= WHAT NEEDS TO BE DONE =
Pictures do not belong in the copy. Write out exactly the lines from the one containing "MTN PRO Repositionable" through the end of the data.

= RAW DATA =
---

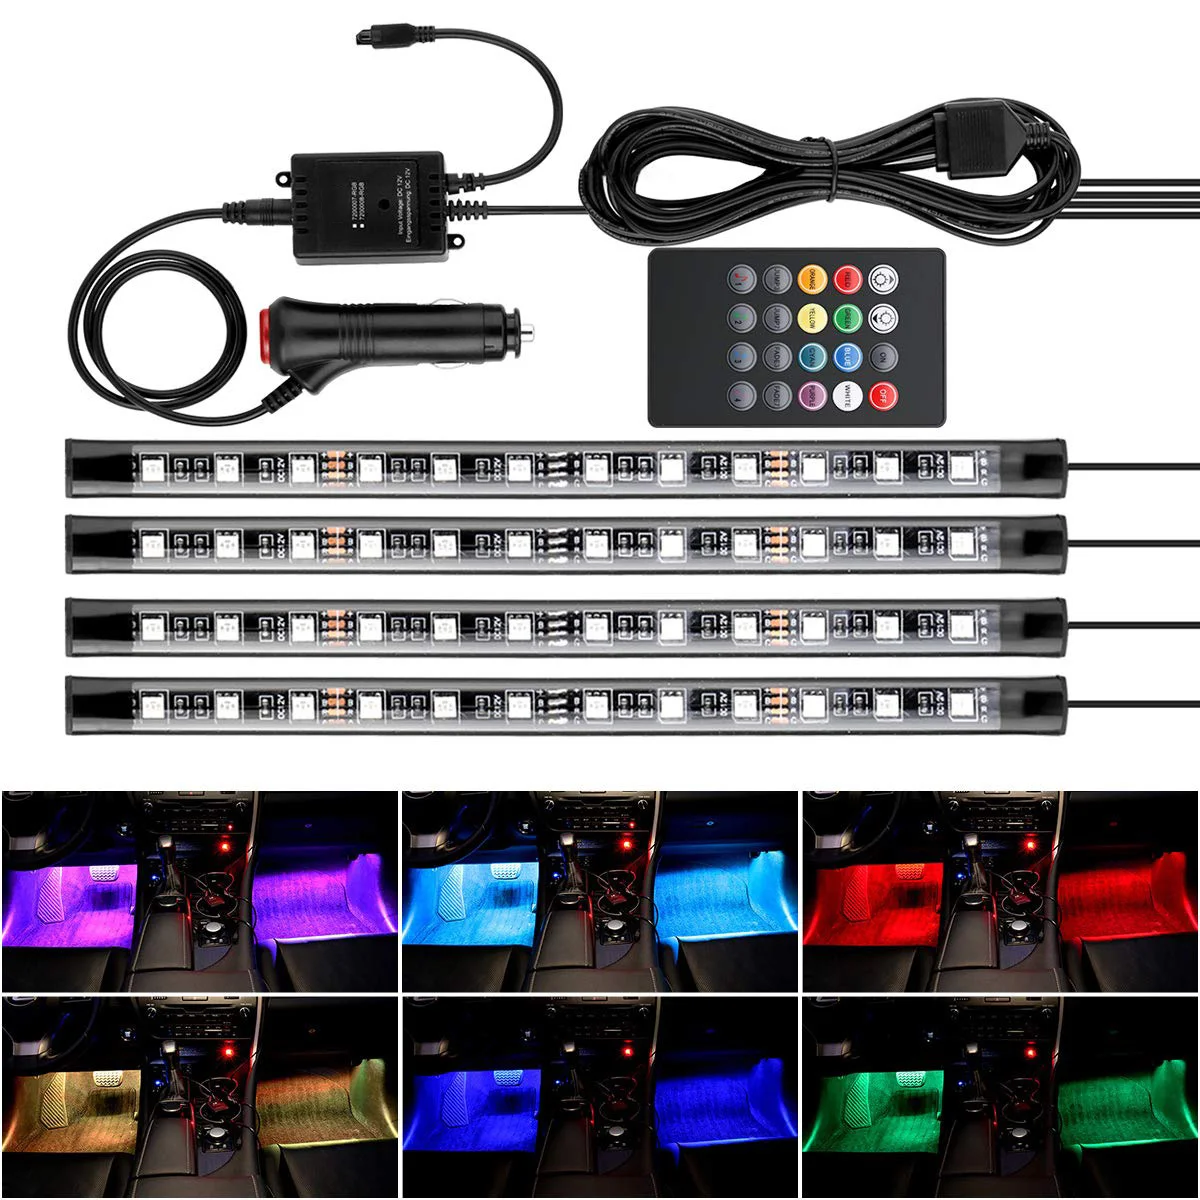 Music Activated RGB Automobile Interior Decoration Light Bars LE 4pcs 48 LEDs Car Strip Lights Car Charger Included DC 12V Sound Sensor Function Wireless Remote Control 
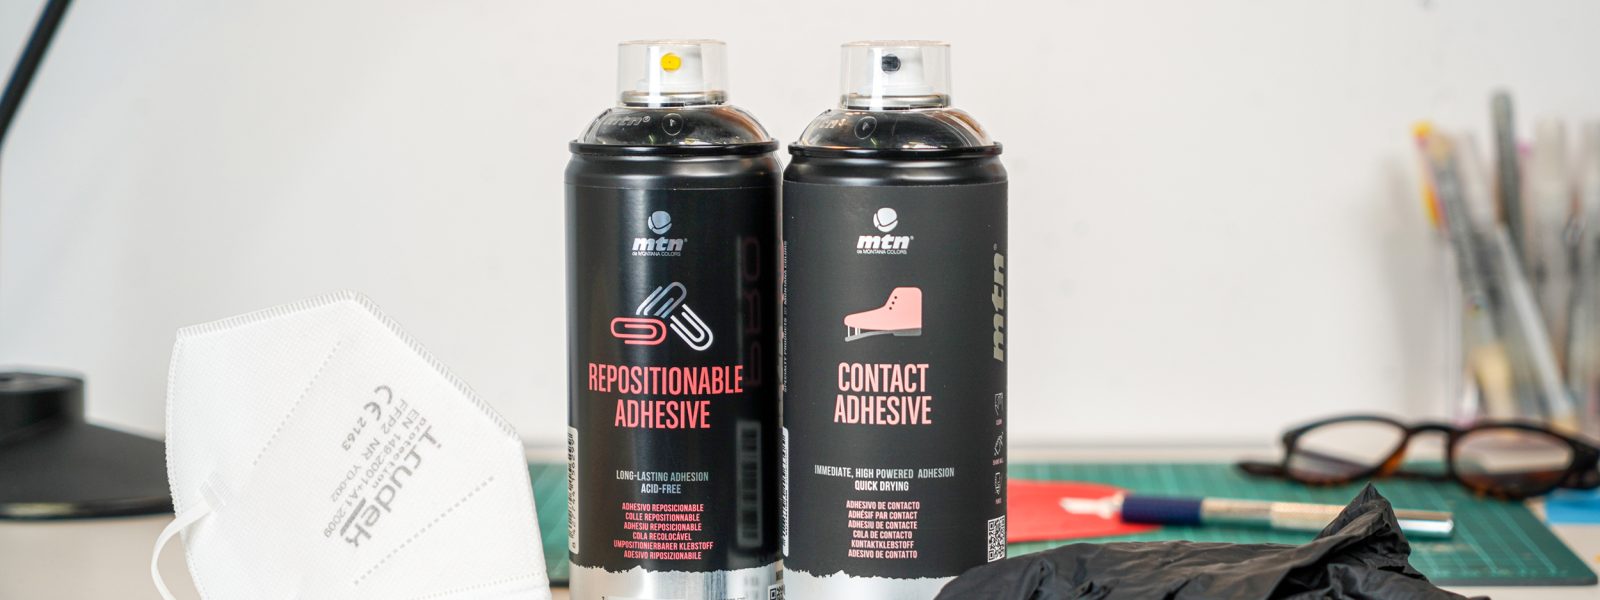 MTN PRO Repositionable Adhesive & Contact Adhesive-8379
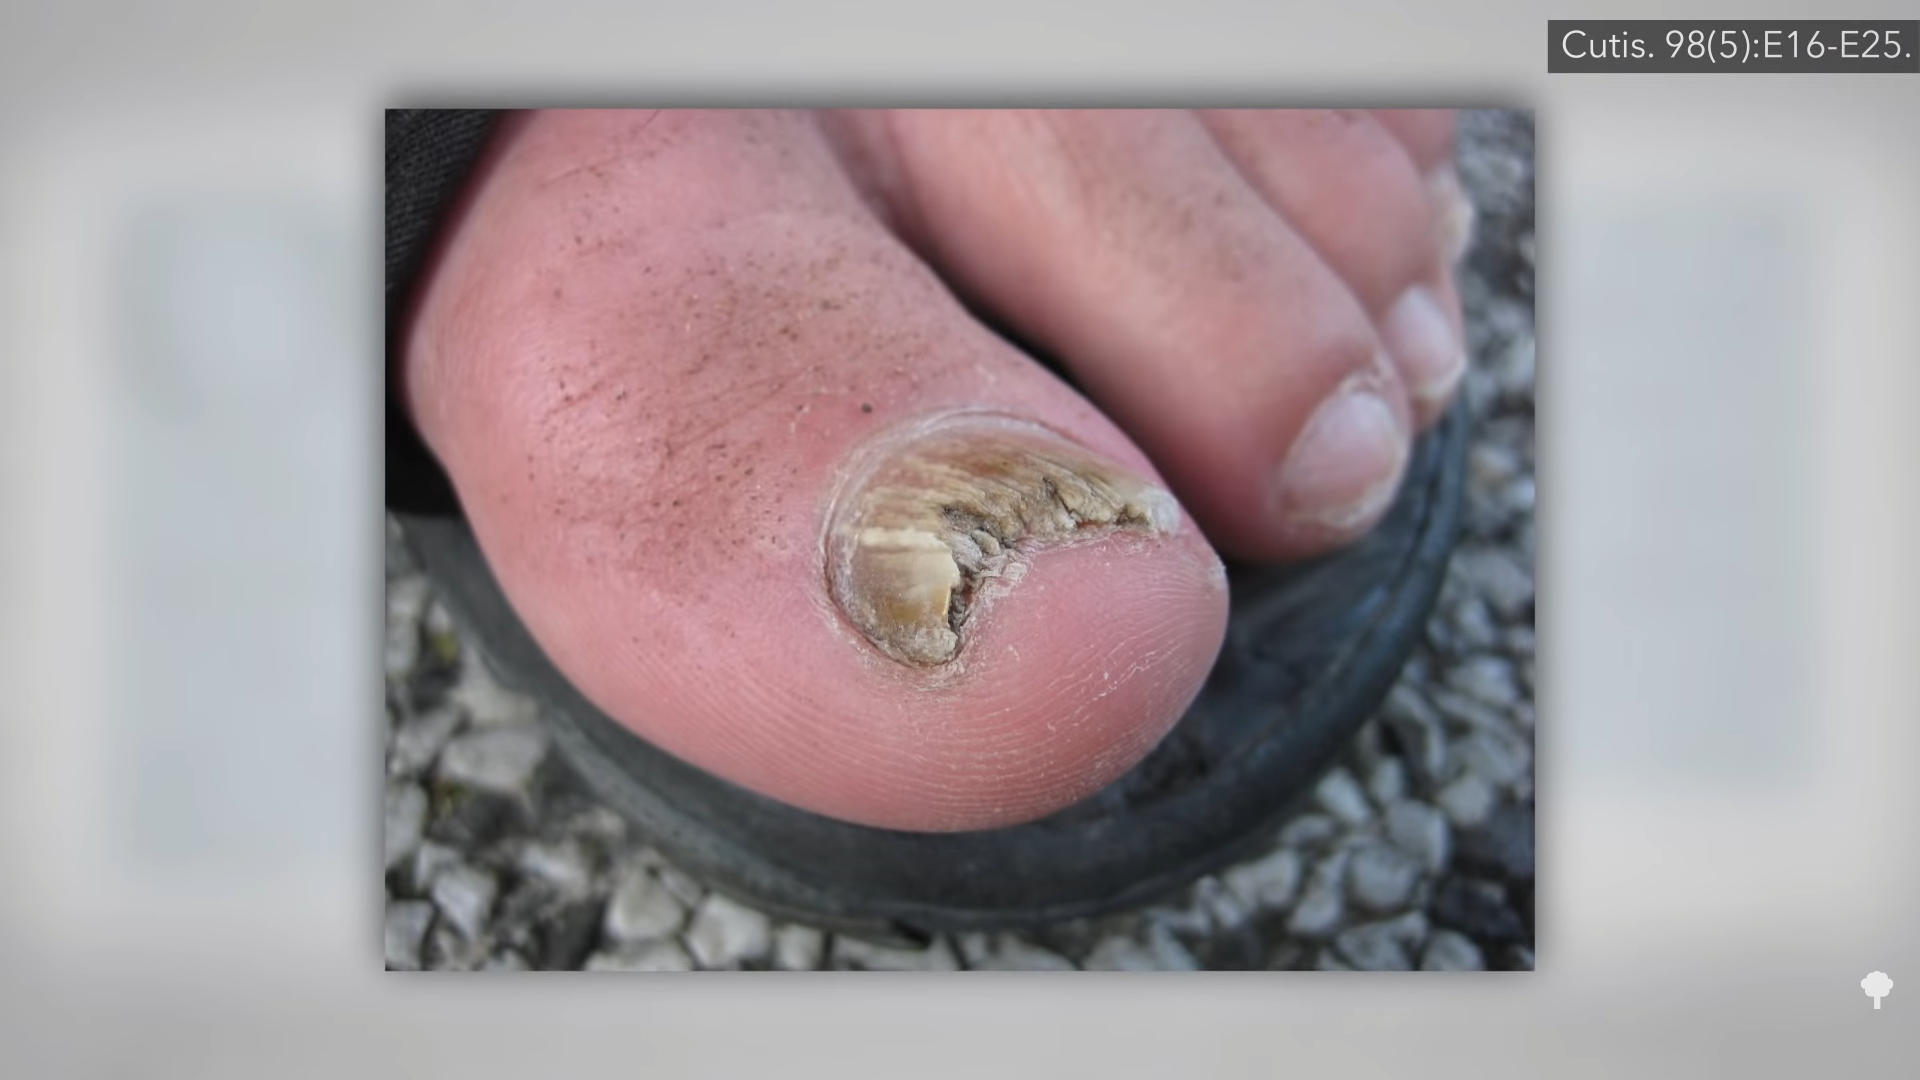 Treating the Root Cause of Toenail Fungus

---

= REPLY TO THE TASK =
 MTN PRO Repositionable Adhesive & Contact Adhesive-8379
 Treating the Root Cause of Toenail Fungus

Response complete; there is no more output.